Но необходимость основной мысли идеализма отнюдь не есть защита для отдельных форм идеализма, в том числе и для той его формы, которая преобладает в современной жизни. В чрезмерном чувстве жизни и в преувеличенной оценке человеческого существа этот идеализм считал возможным непосредственно из деятельности человеческого духа развить царство духа и разума, в котором уместилась бы вся действительность. Духовная жизнь в человеке представлялась при этом духовной жизнью вообще, абсолютной духовной жизнью, и человек по духовному своему складу считался находящимся несомненно в центре вещей; далее, считали возможным вполне освободиться от мелкого в человеке и рассчитывали вполне преодолеть сопротивление внешнего мира.
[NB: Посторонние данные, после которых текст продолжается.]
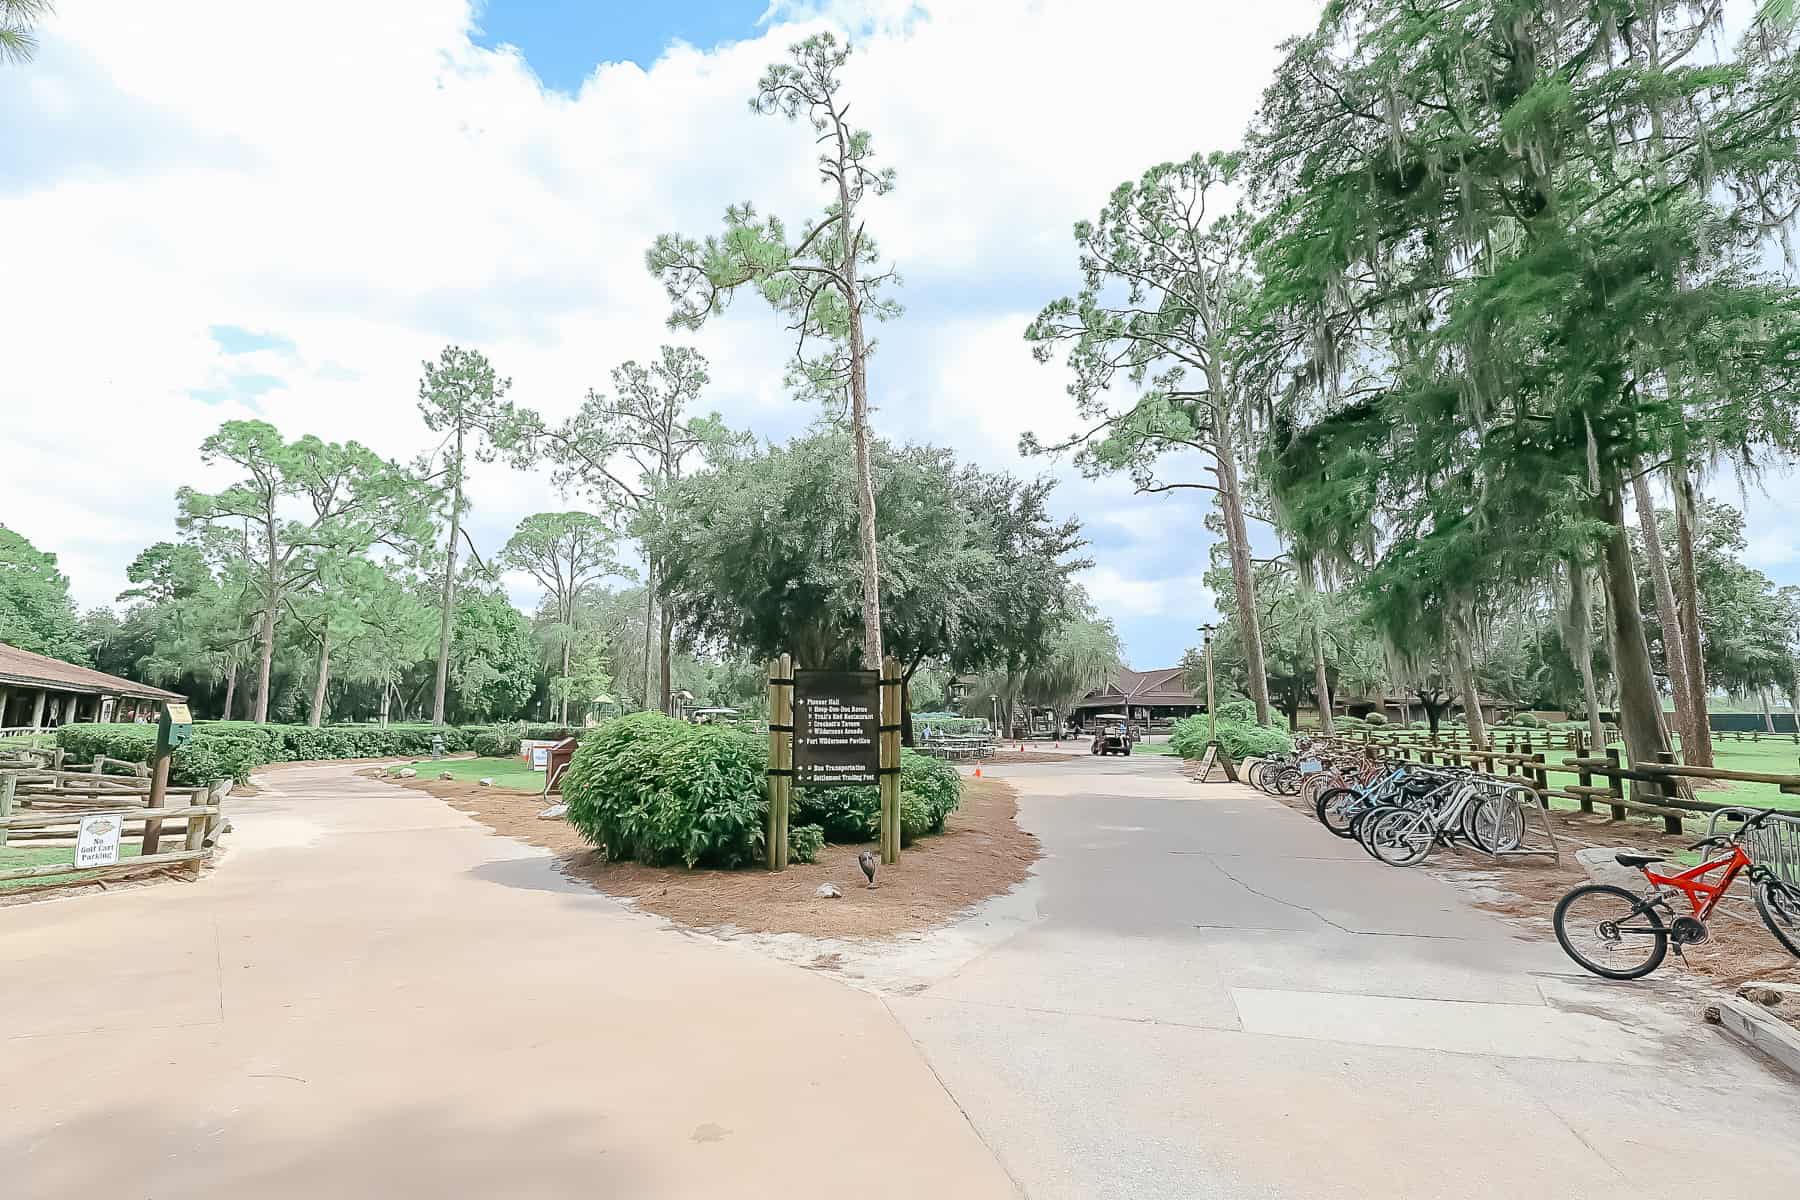 bicycle parking area at Fort Wilderness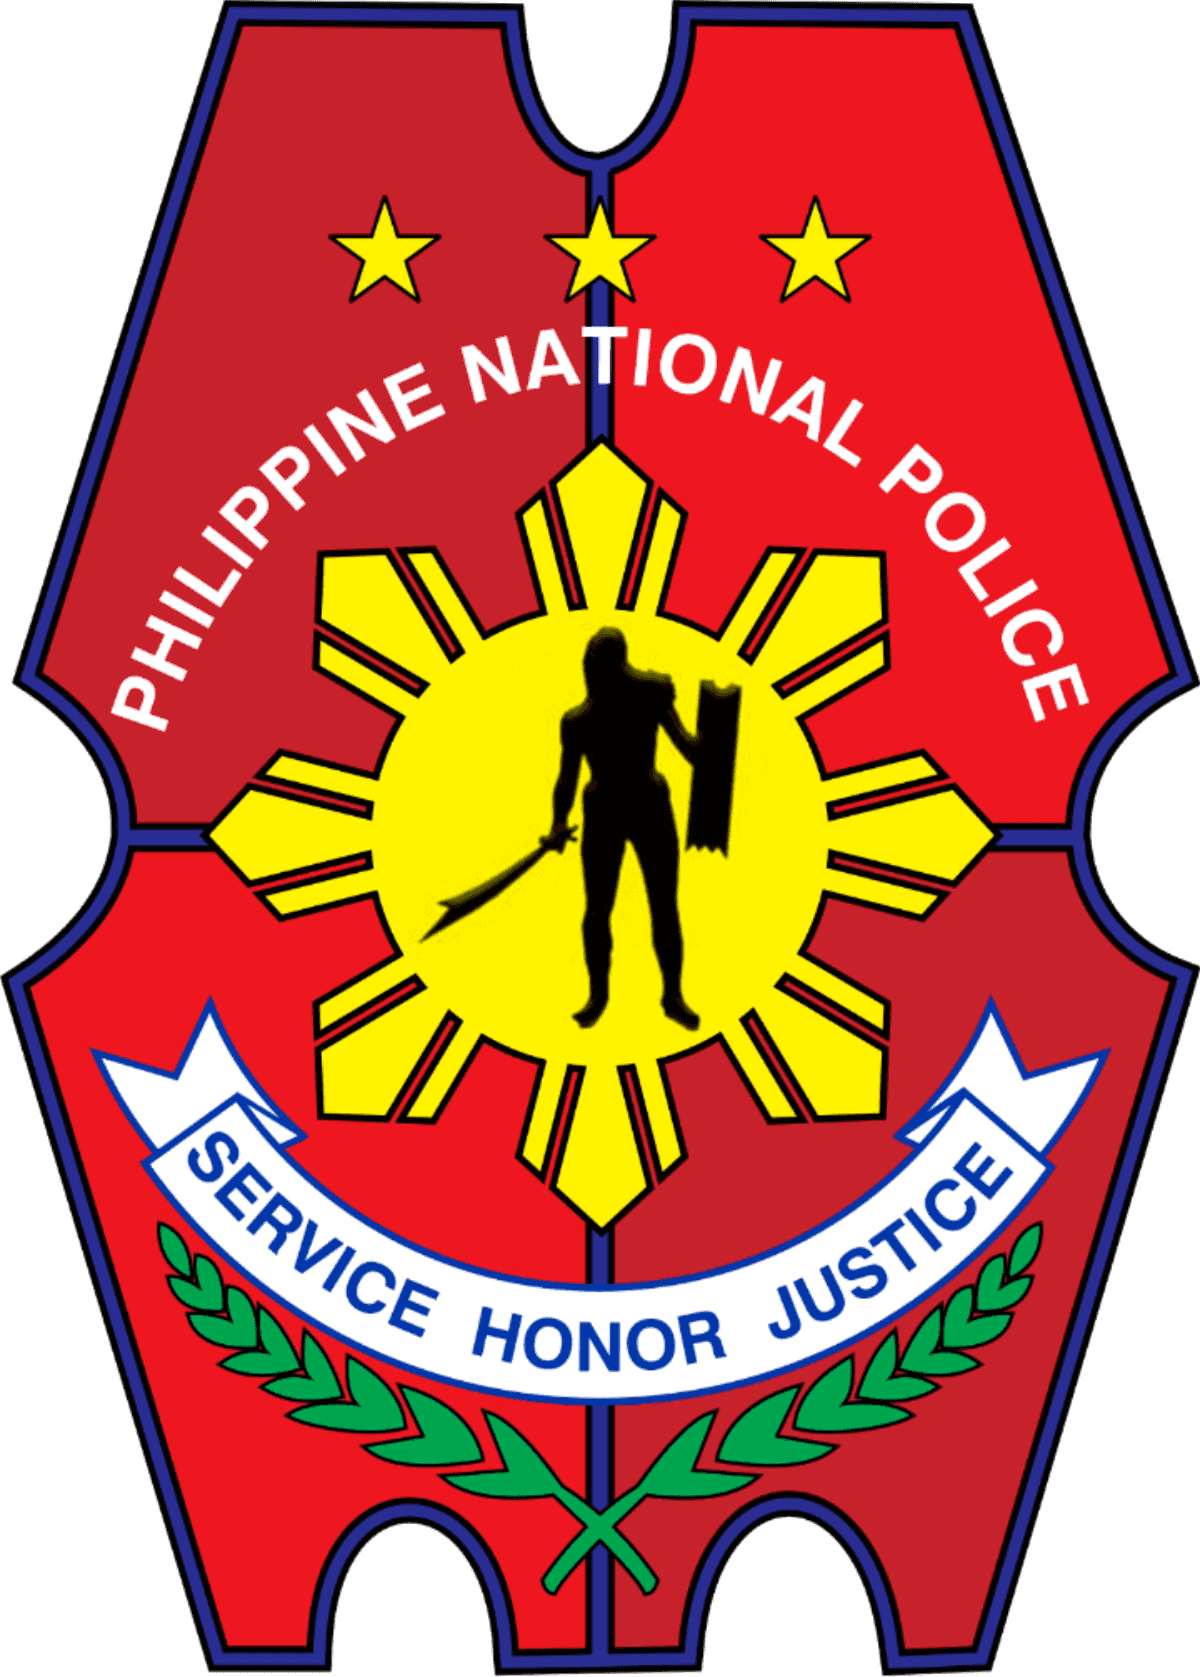 PNP 78k law offenders arrested in 2022

Но вот собственный опыт жизни породил самые большие сомнения насчет этого решения. Самым опасным было при этом не то, что внешний мир не укладывался сразу в изготовленную схему: с такого рода противоречием спокойно можно было бы примириться и предоставить разрешение его течению времени. Вся суть была в том, что созданный таким образом мир не давал длительного удовлетворения самой духовной жизни, что он не мог быть для нее полной и подлинной действительностью; а если так обстояло дело с его внутренней истиной, то он грозил превратиться просто в призрачный мир. Вот эта внутренняя слабость идеализма и сделала возможным победное шествие натурализма; факты и методы, которые последний внес в движение, тем именно и привлекали, что они обещали сделать жизнь более правдивой, близкой, простой. В этом кроется причина и столь широкого распространения натуралистического трактования истории.

При таком положении ничего нельзя сделать критическим резонерством, а необходимо развитие нового идеализма, настолько устойчивого, чтобы он был в состоянии оценить и противоположное и усвоить себе заключающуюся в нем истину. Но такого рода идеализм необходимо требует, чтобы духовная жизнь была яснее отграничена и поставлена над просто человеческими произведениями и над отдельными отраслями деятельности человеческого духа и чтобы она была понята как образование подлинной, в самой себе находящейся, действительности. Коль скоро духовная жизнь займет, таким образом, прочную позицию по отношению к человеку, то особенность человеческого положения, медленность и трудность духовного развития при наших условиях, преобладающая сила естественных, чувственных, материальных фактов в области опыта смогут уже добиться полного признания. Со всем этим приходится даже очень сильно считаться, потому что только в столкновении с совокупностью этих эмпирических фактов духовная жизнь может развить свою полную силу для человека. Не следует только принимать условия, при которых порождается для нас духовная жизнь, за творческие силы самой духовной жизни, каковое смешение условий и творческих начал характерно для натурализма. Необходимым следствием такого смешения является утрата всякого внутреннего стимула, подчиненность чуждым и непонятным причинам, упорное отстаивание низшей ступени, бесцельность и бессмысленность движения, отсутствие самодеятельности и радости, вместе с тем сильный упадок жизненной энергии, неизбежный поворот к пессимизму, или же целое рассматривается как целое и в то же время исчезает первоначальная прелесть опровержения переставших быть истинными идеалистических мыслей. Следует только ввести натурализм строго в рамки его способности, и он сейчас же обнаружит не только свое духовное бессилие, но и свою невыносимость для человека.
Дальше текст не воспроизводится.